*WHAT NEEDS TO BE DONE*. A word-for-word reproduction of the data below is needed, with no pictures in it.

*AVAILABLE DATA*.
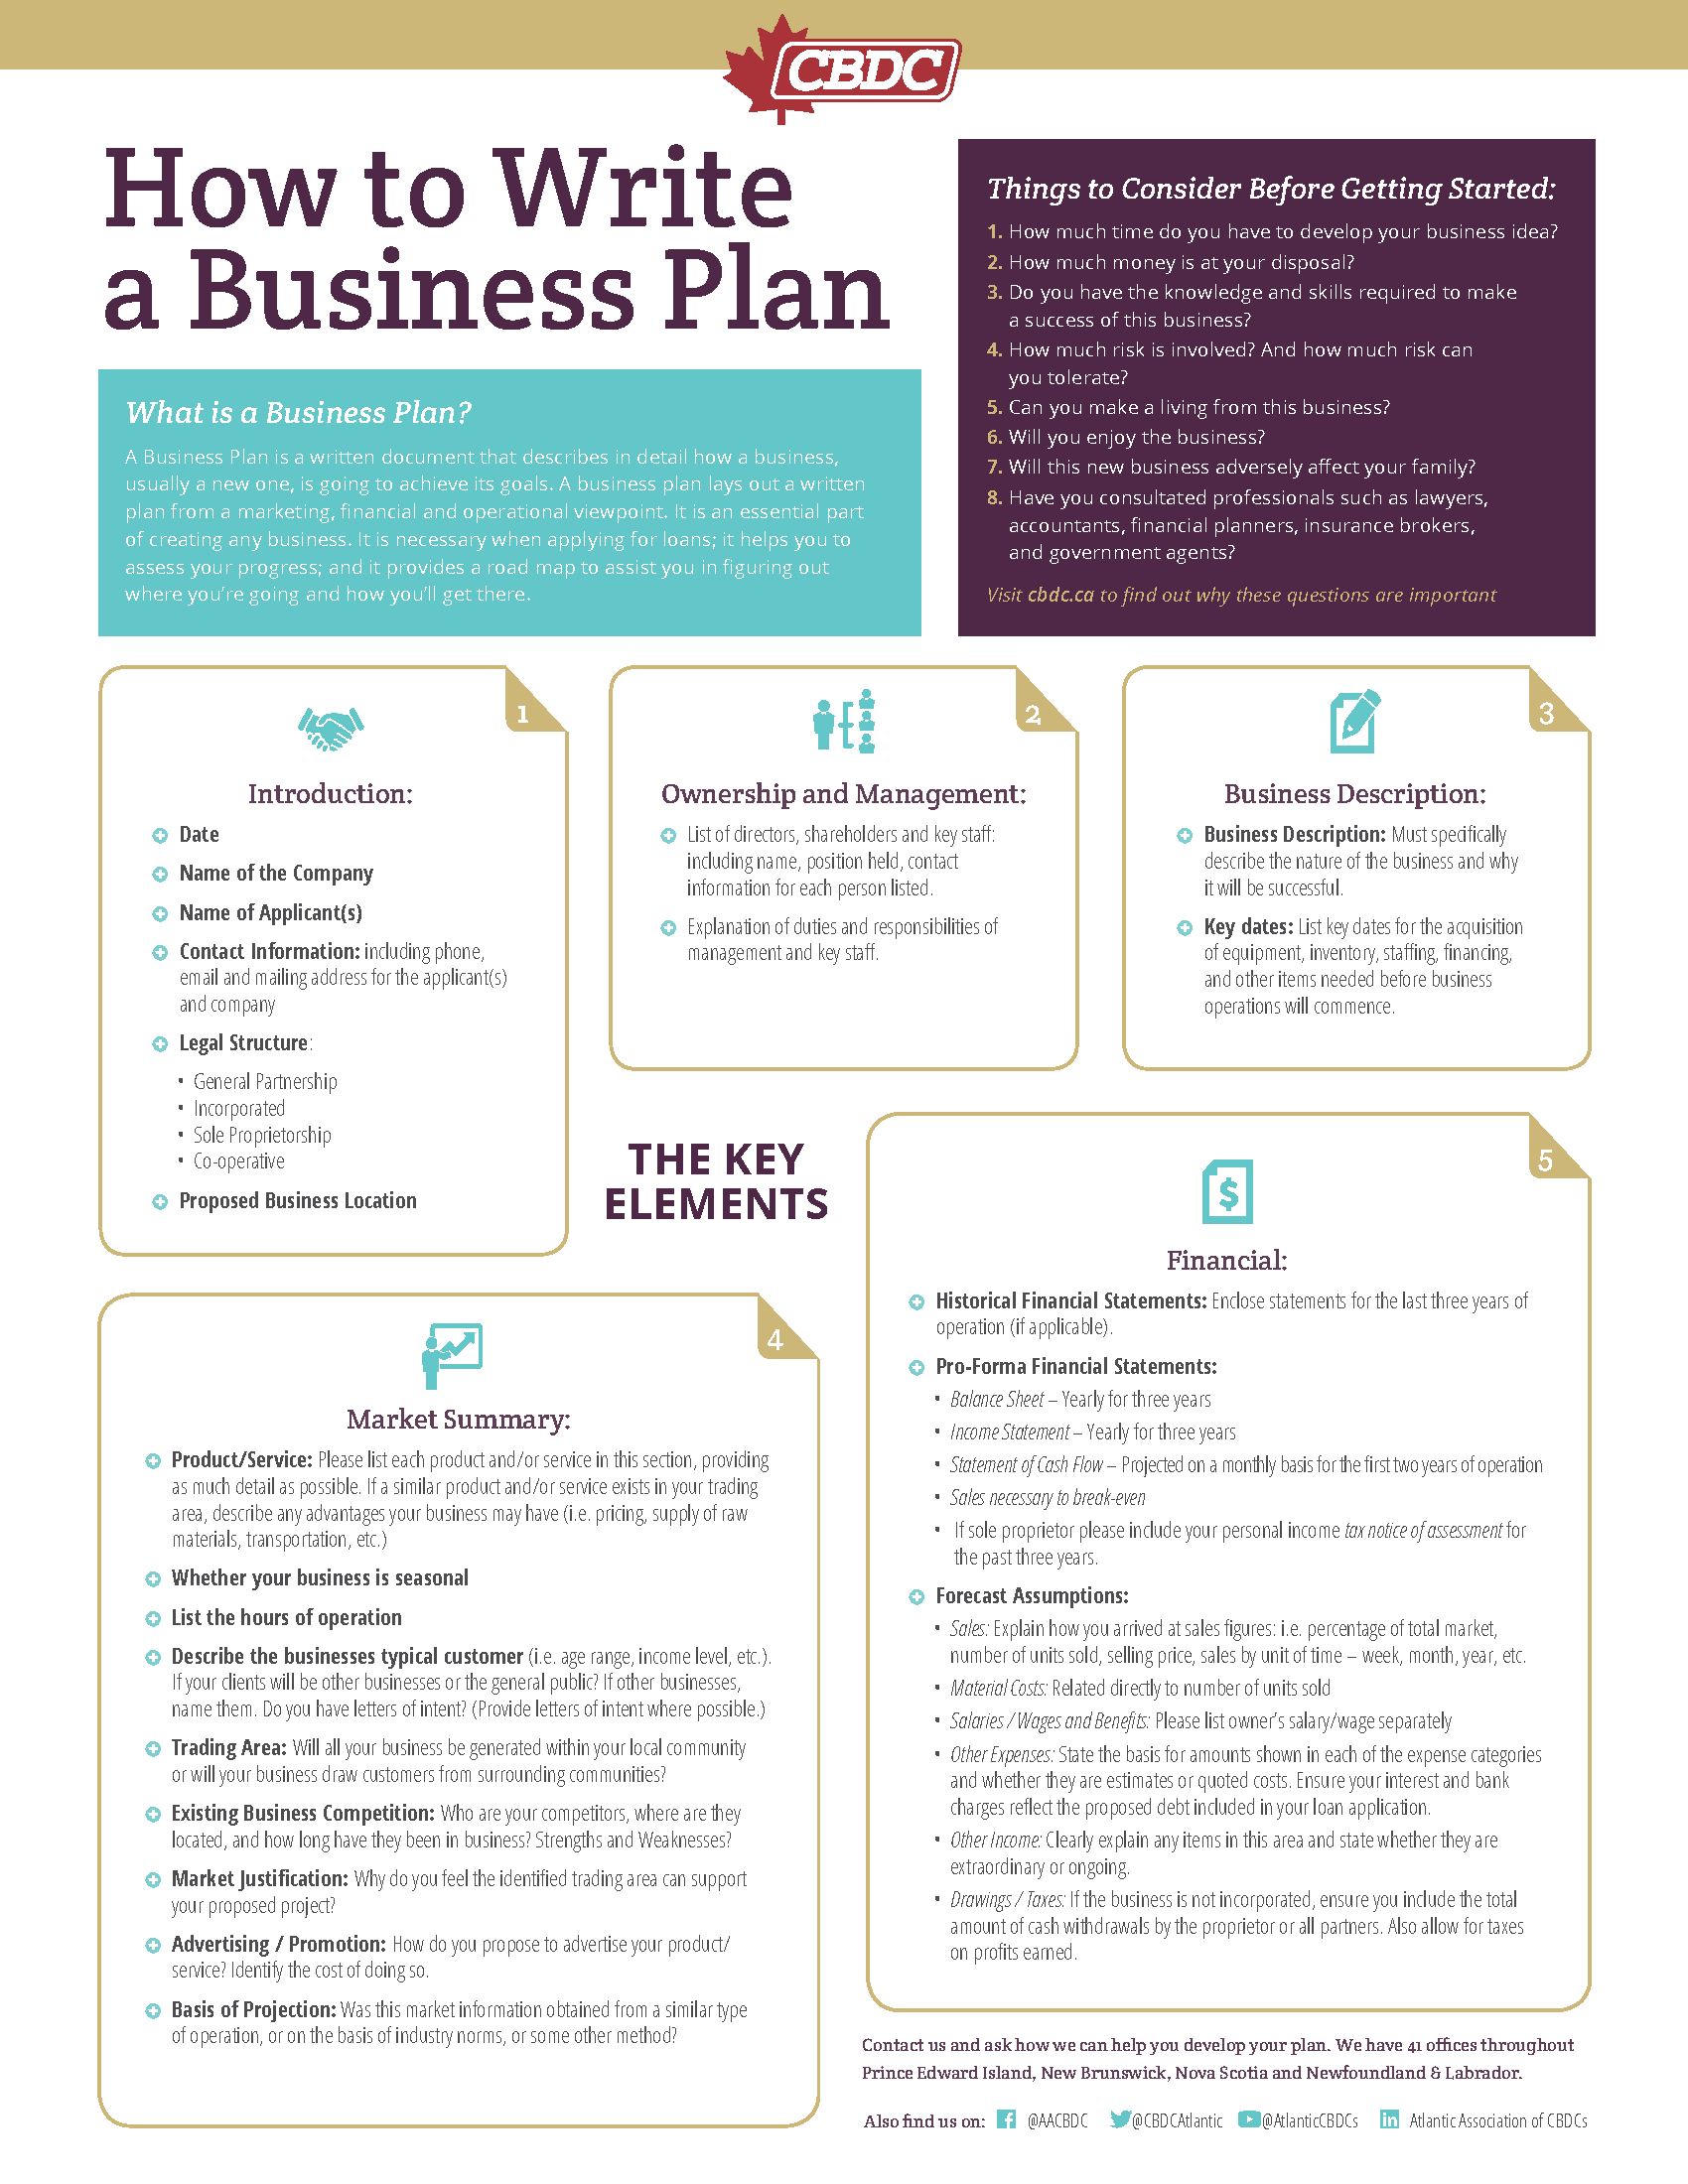 Business Plan Definition
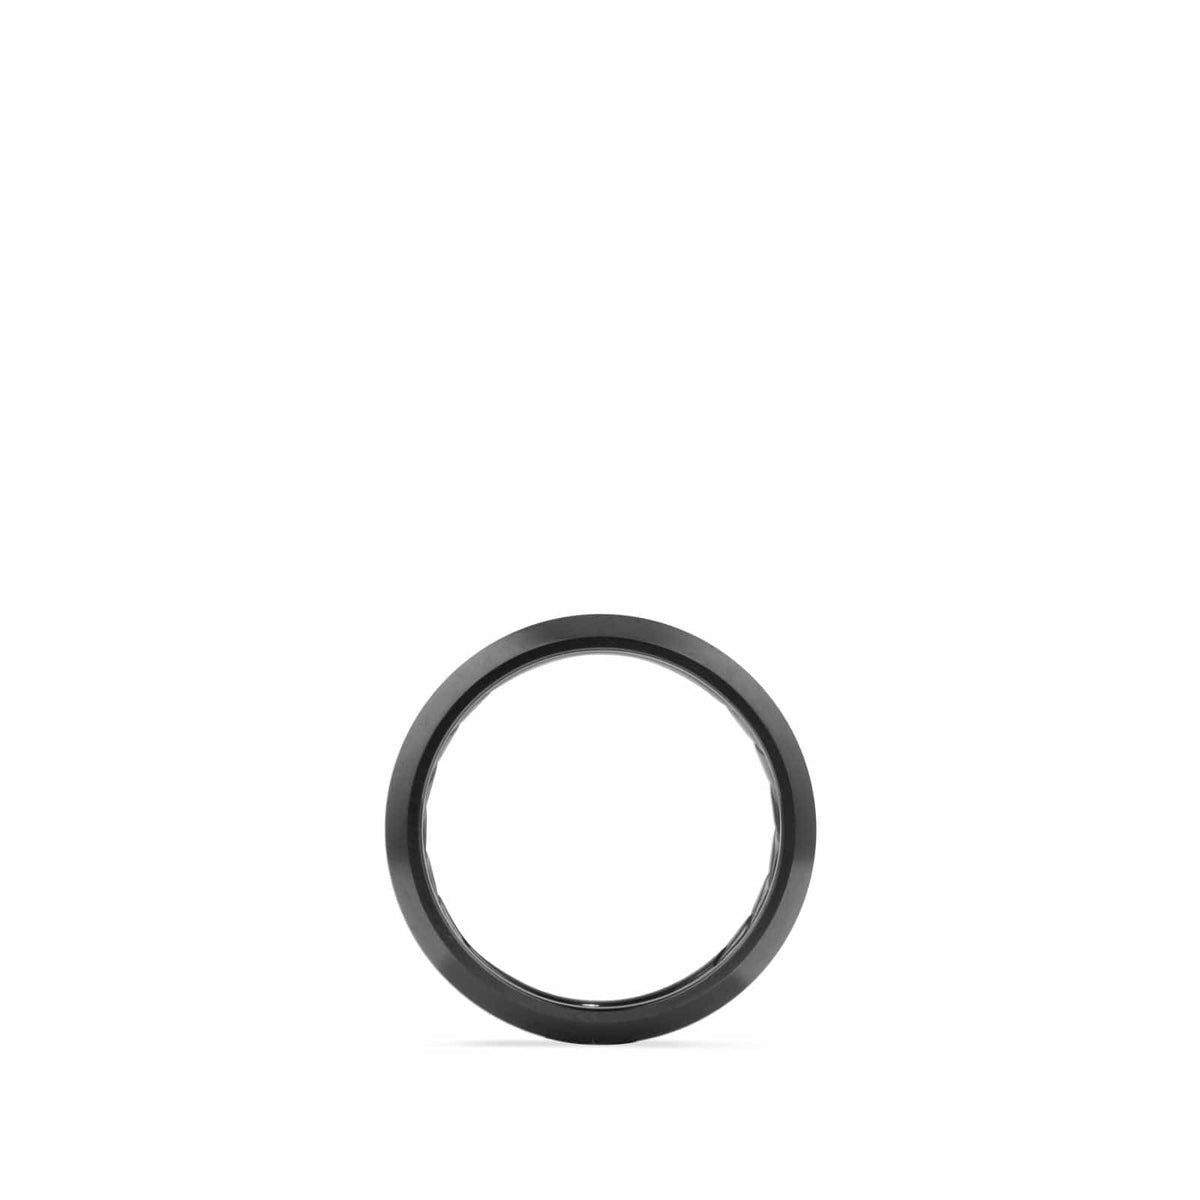 Beveled Band Ring in Black Titanium, 6mm
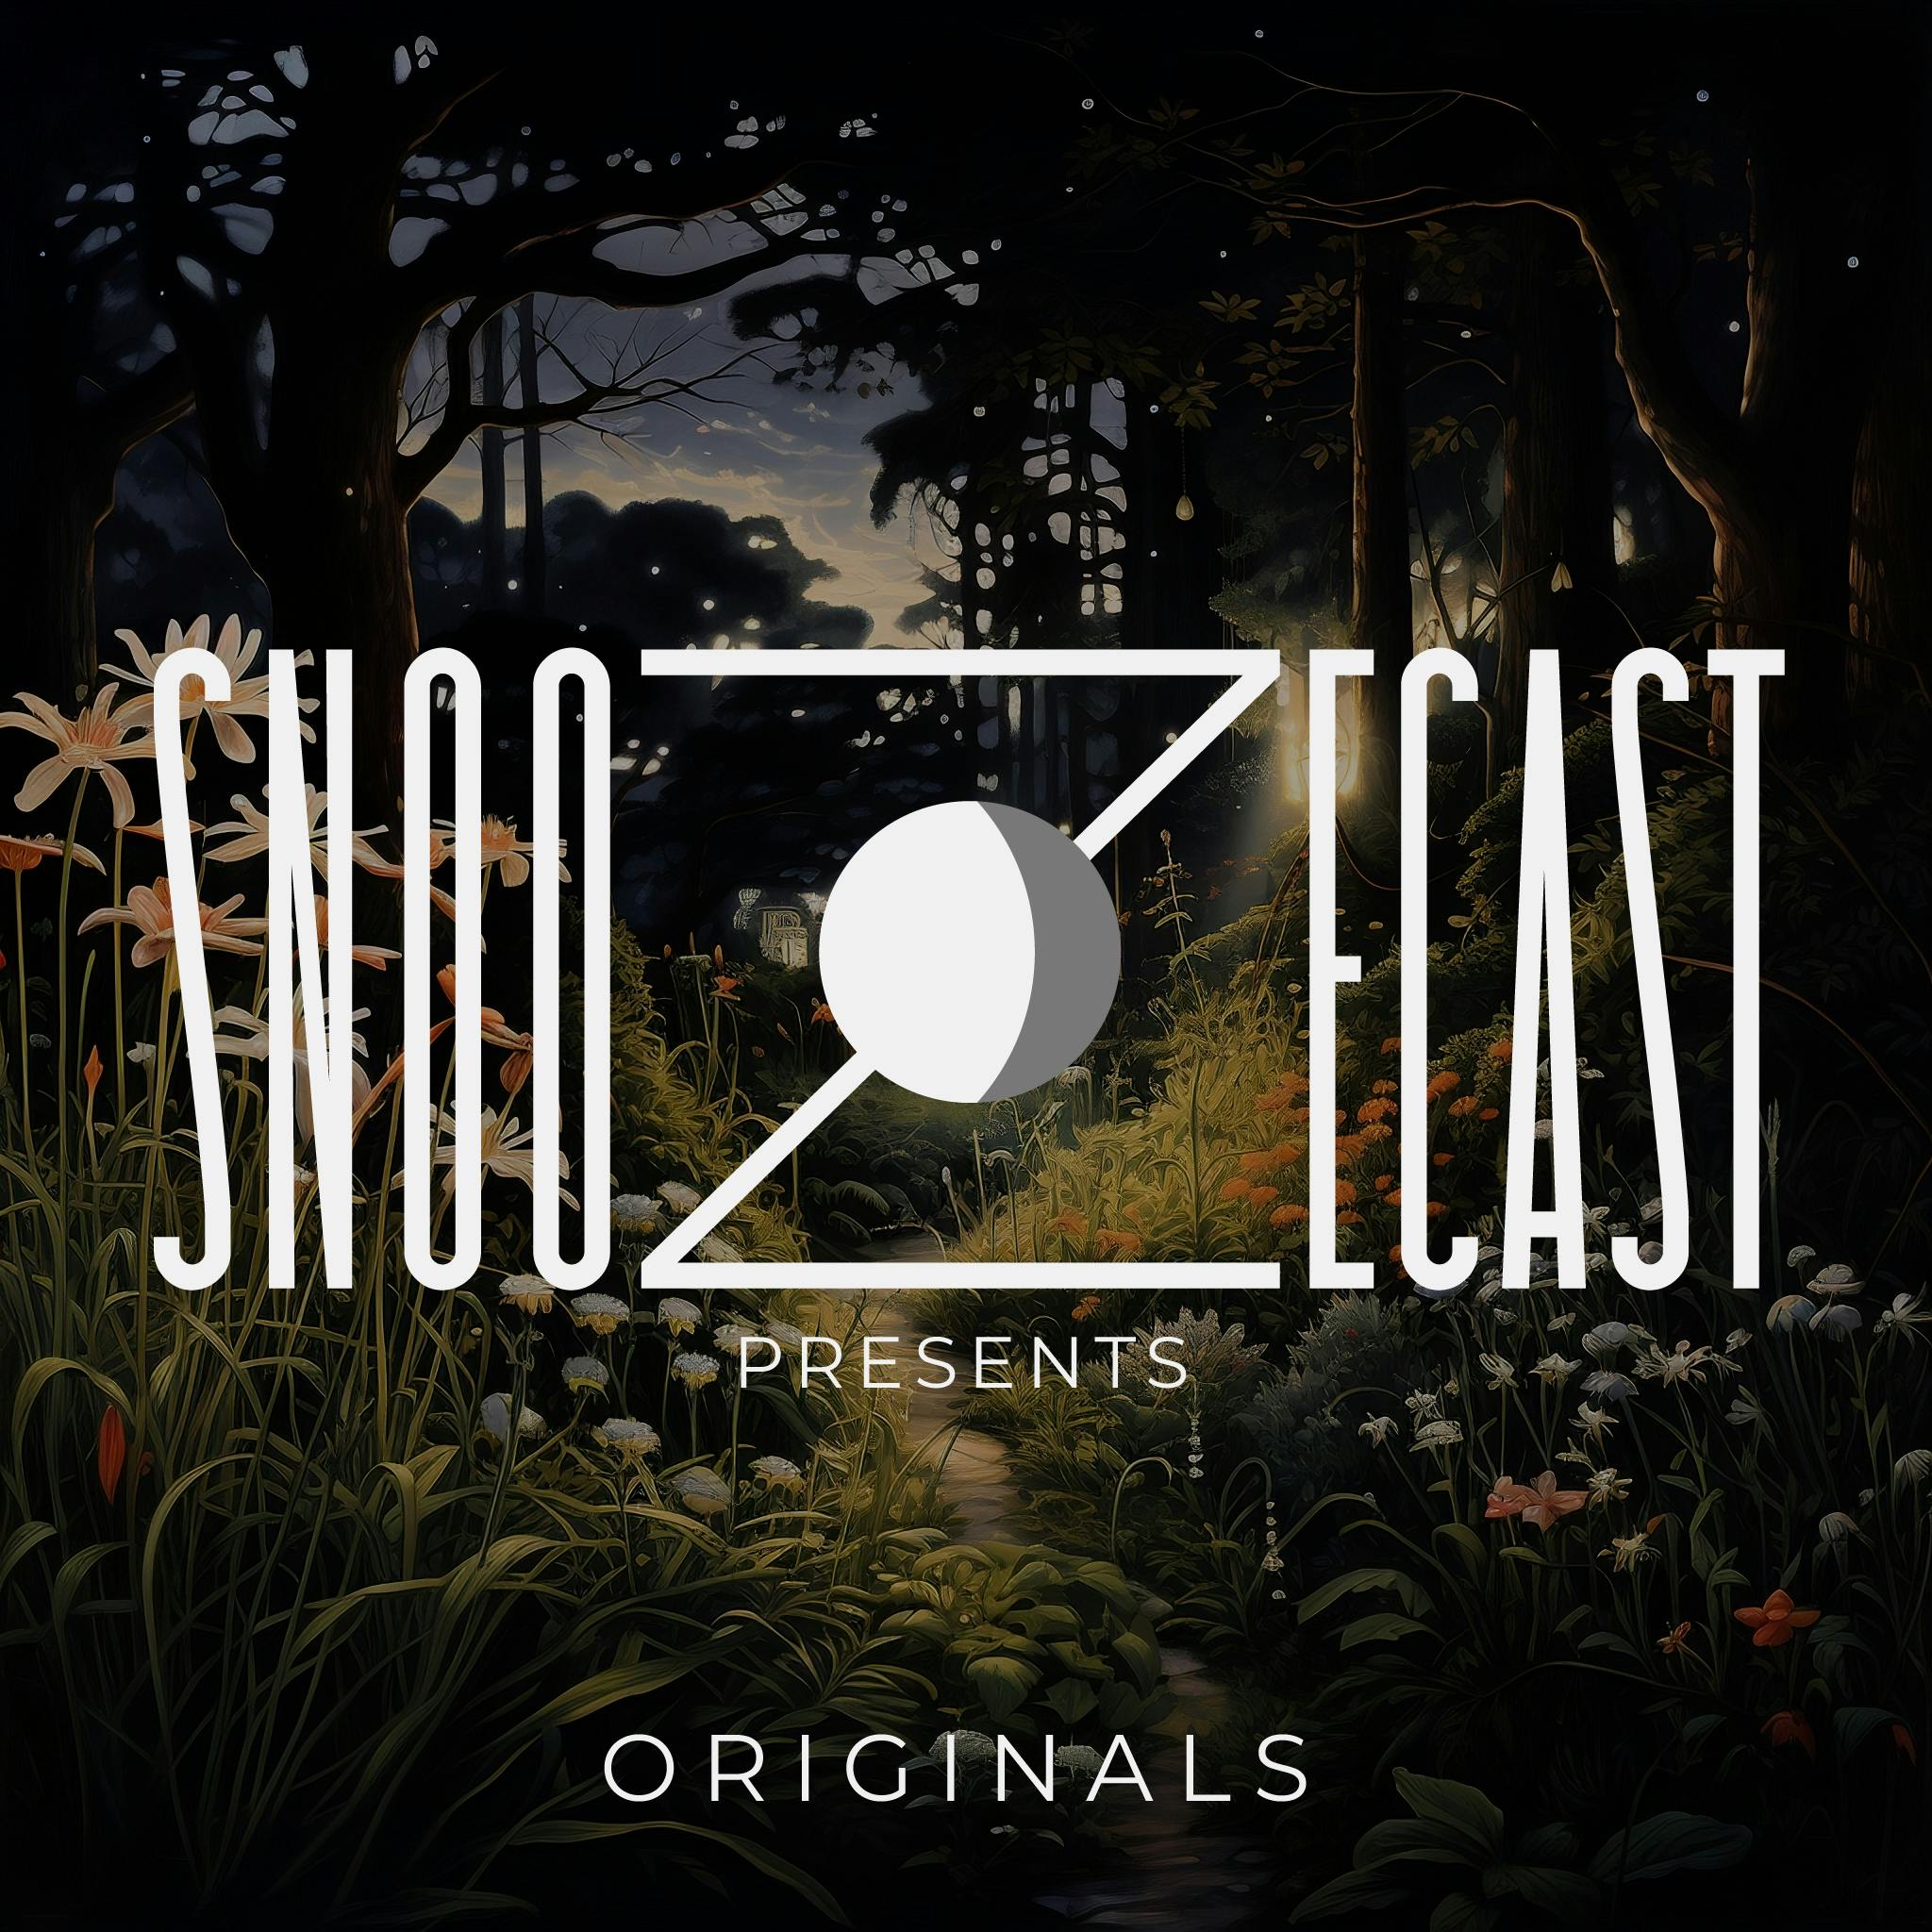 Snoozecast+ Deluxe: Originals podcast tile

*ANSWER SECTION*.
 Business Plan Definition
 Beveled Band Ring in Black Titanium, 6mm
 Snoozecast+ Deluxe: Originals podcast tile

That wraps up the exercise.